*** Data supplied Section Begins ***
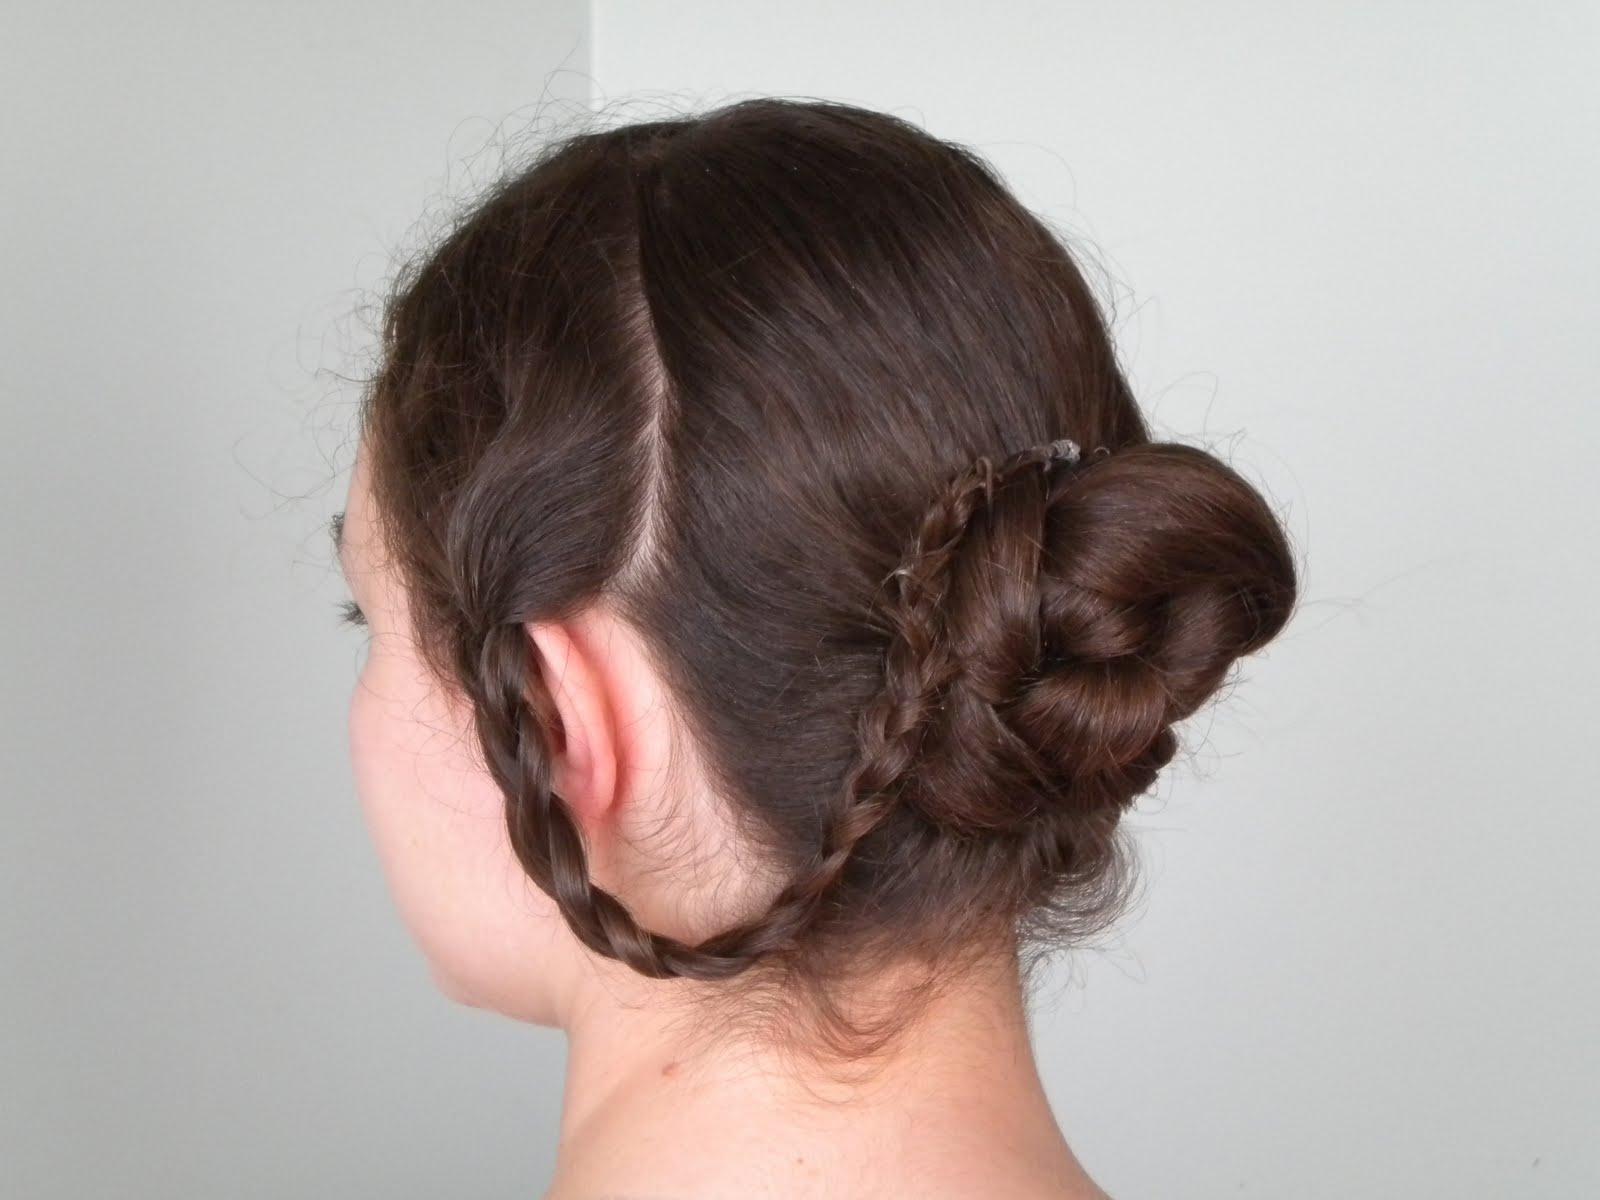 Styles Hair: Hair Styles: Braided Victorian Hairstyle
*** Data supplied Section Ends ***
*** Data supplied Section Begins ***
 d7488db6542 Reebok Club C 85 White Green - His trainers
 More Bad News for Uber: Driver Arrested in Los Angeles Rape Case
*** Data supplied Section Ends ***
*** Data supplied Section Begins ***
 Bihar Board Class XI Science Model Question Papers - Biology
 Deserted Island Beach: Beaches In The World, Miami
*** Data supplied Section Ends ***
Your objective: Return only the lines between the one holding "d7488db6542 Reebok Club" and the one holding "More Bad News", inclusive, exactly as they appear above.

Result of the task:
 d7488db6542 Reebok Club C 85 White Green - His trainers
 More Bad News for Uber: Driver Arrested in Los Angeles Rape Case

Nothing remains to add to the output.